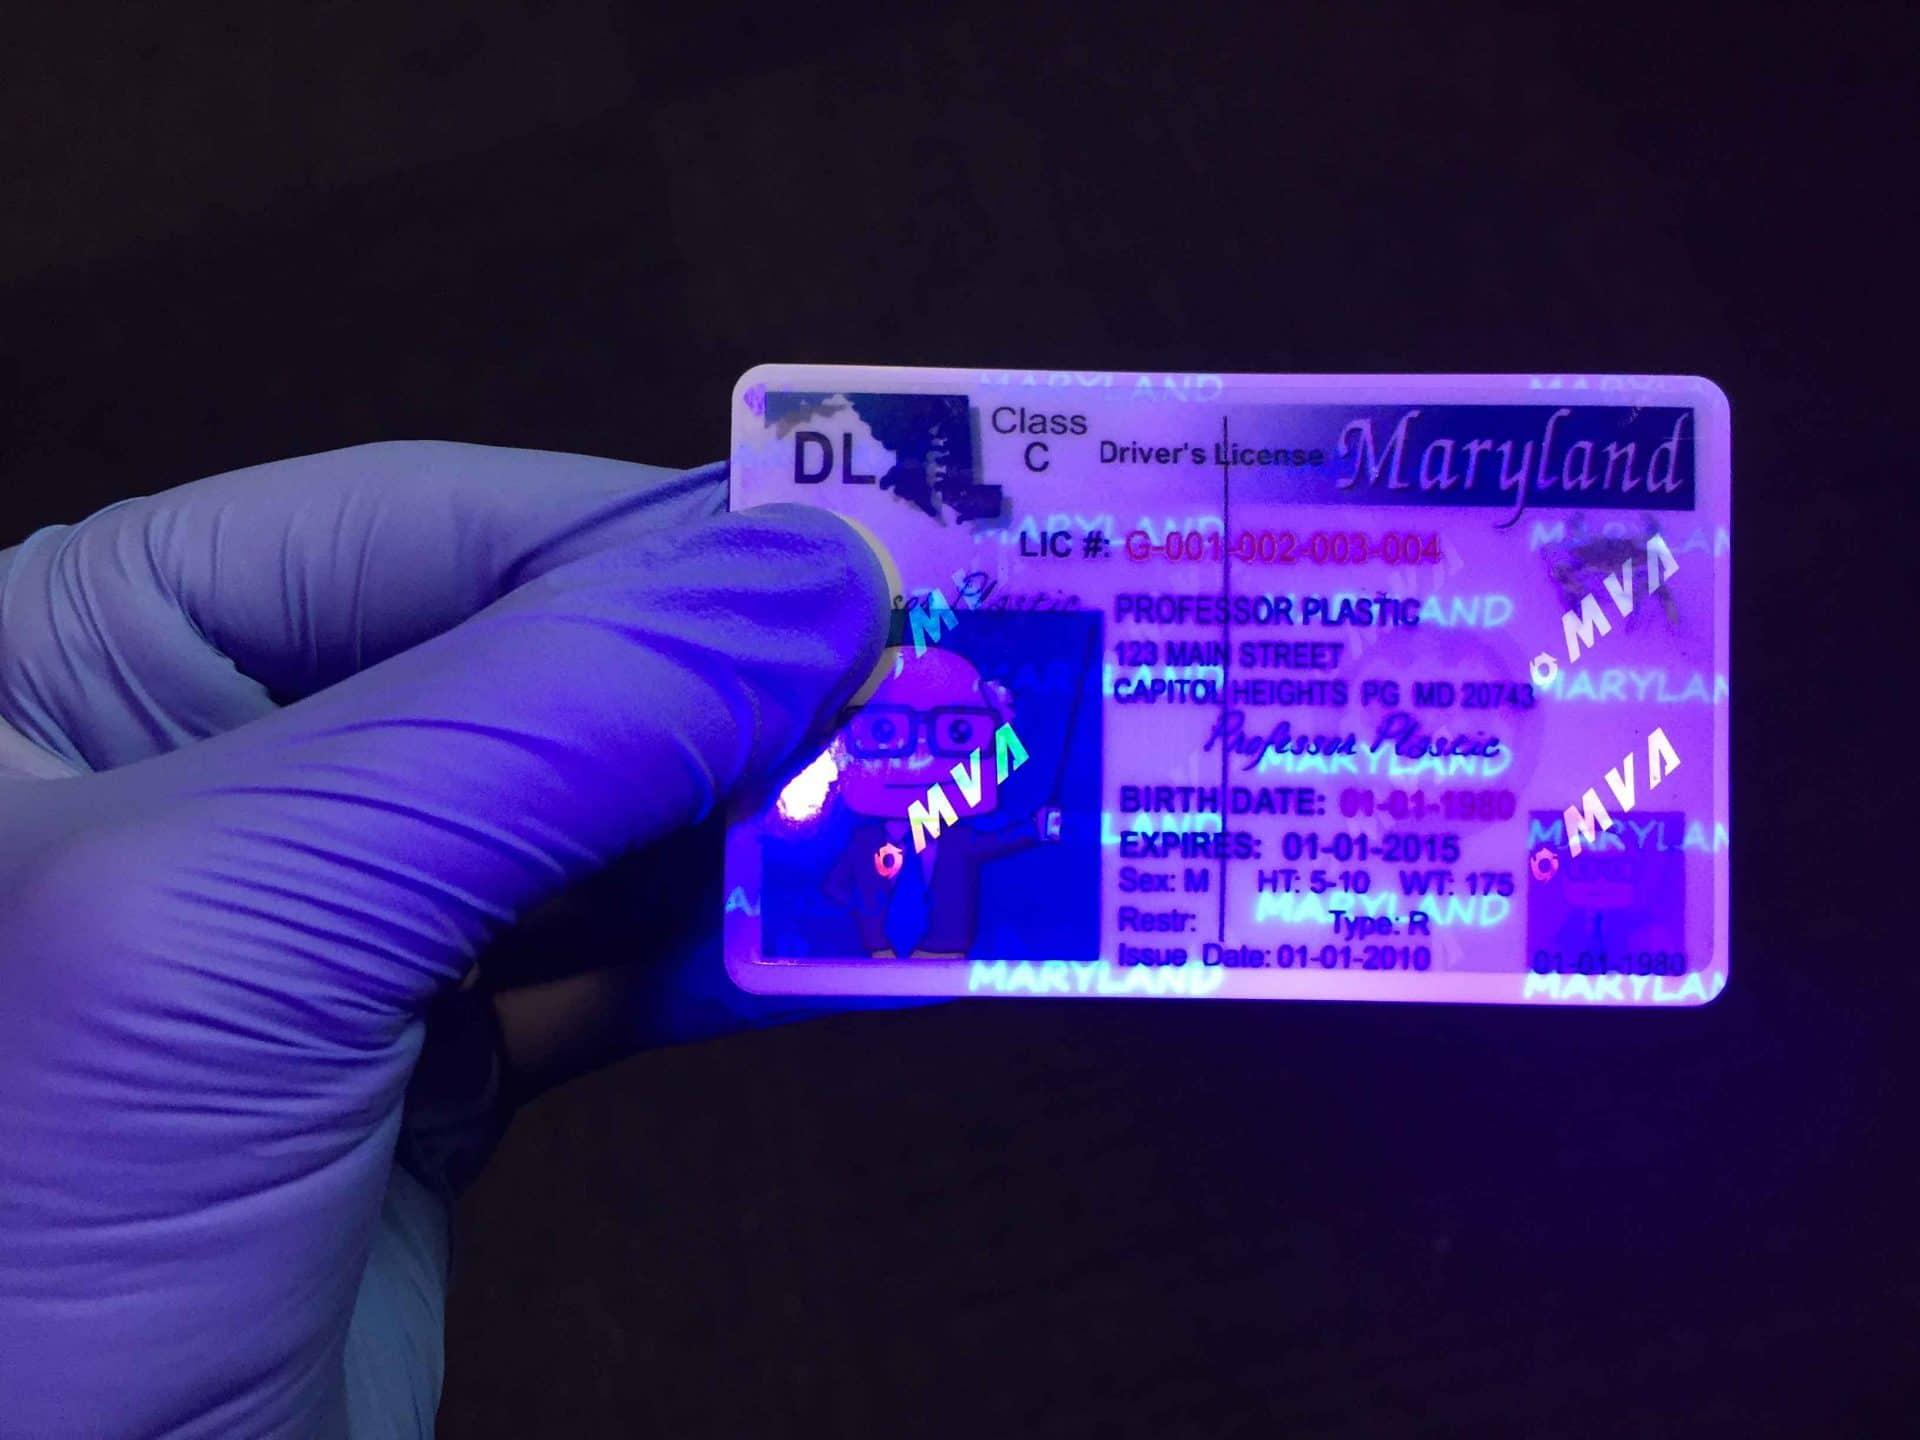 uv light detection card
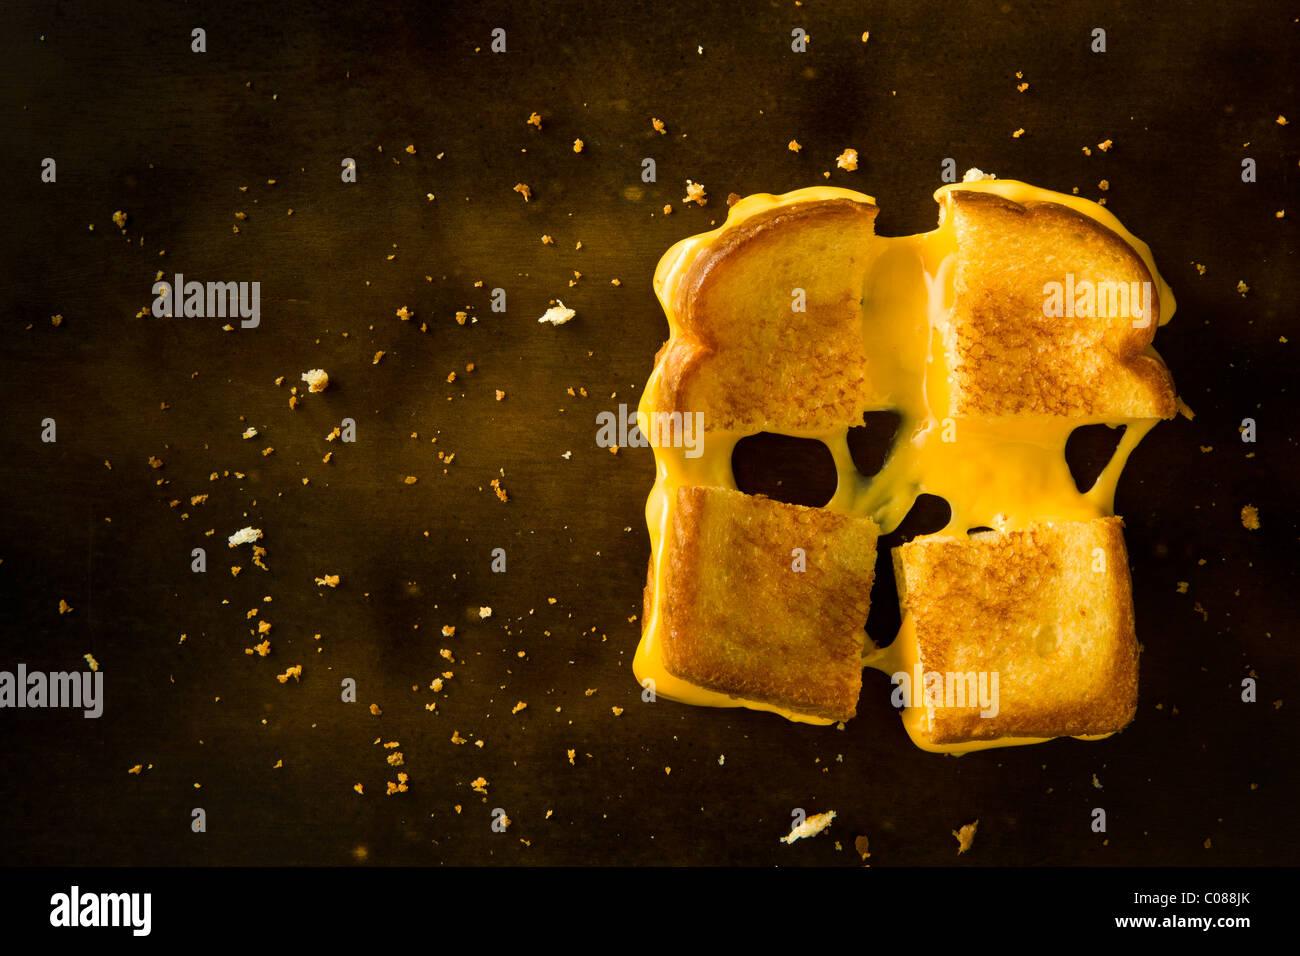 Un formaggio alla griglia panino tagliato in quattro piazze tirando il formaggio su una tavola di legno Immagini Stock
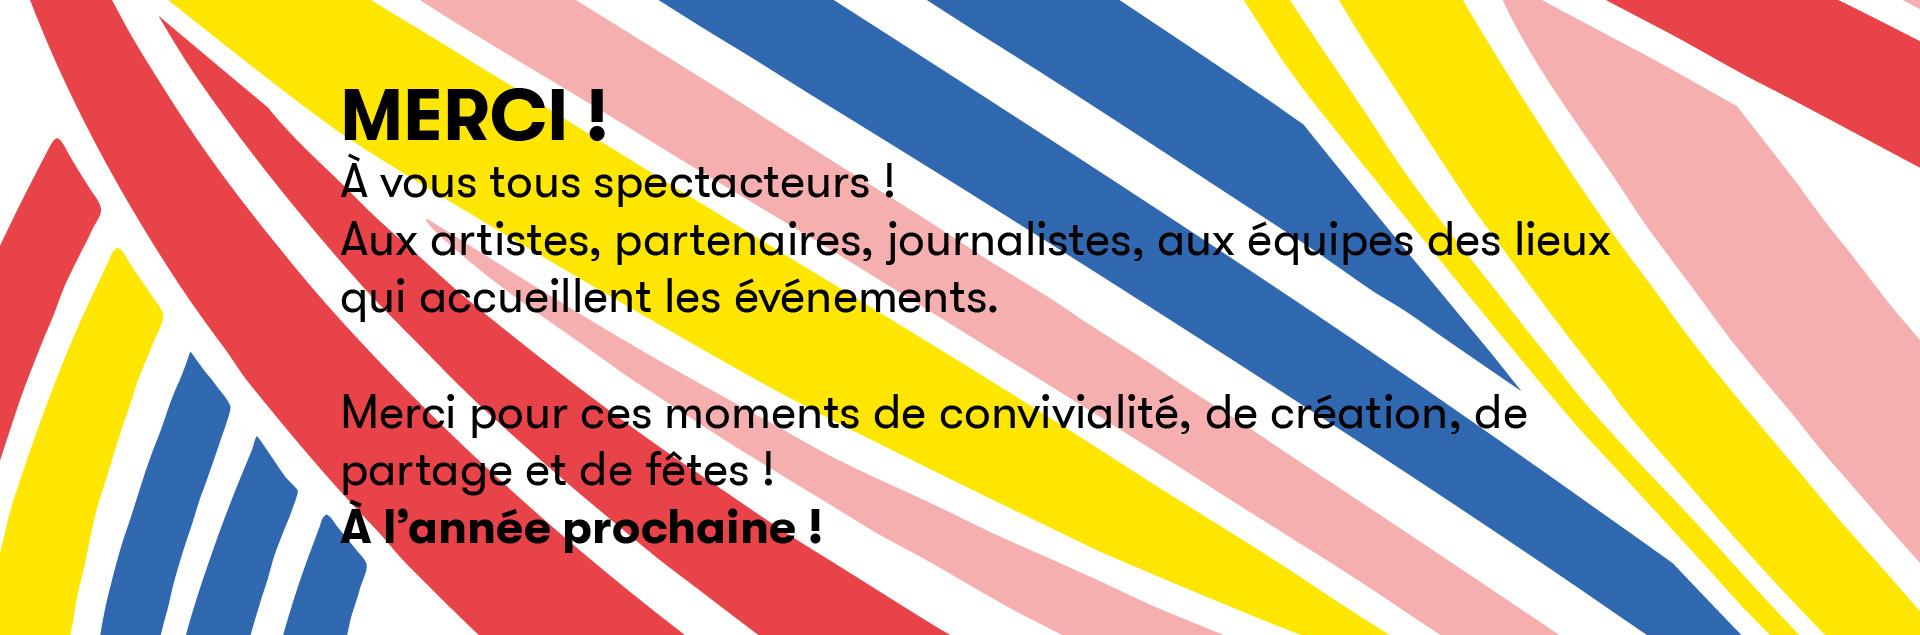 banniere-merci-01

**WHAT IS REQUIRED:** Pictures are not part of the copy. Restate everything else in the listing word for word.

**PROBLEM SOLUTION:**
 uv light detection card
 Un formaggio alla griglia panino tagliato in quattro piazze tirando il formaggio su una tavola di legno Immagini Stock
 banniere-merci-01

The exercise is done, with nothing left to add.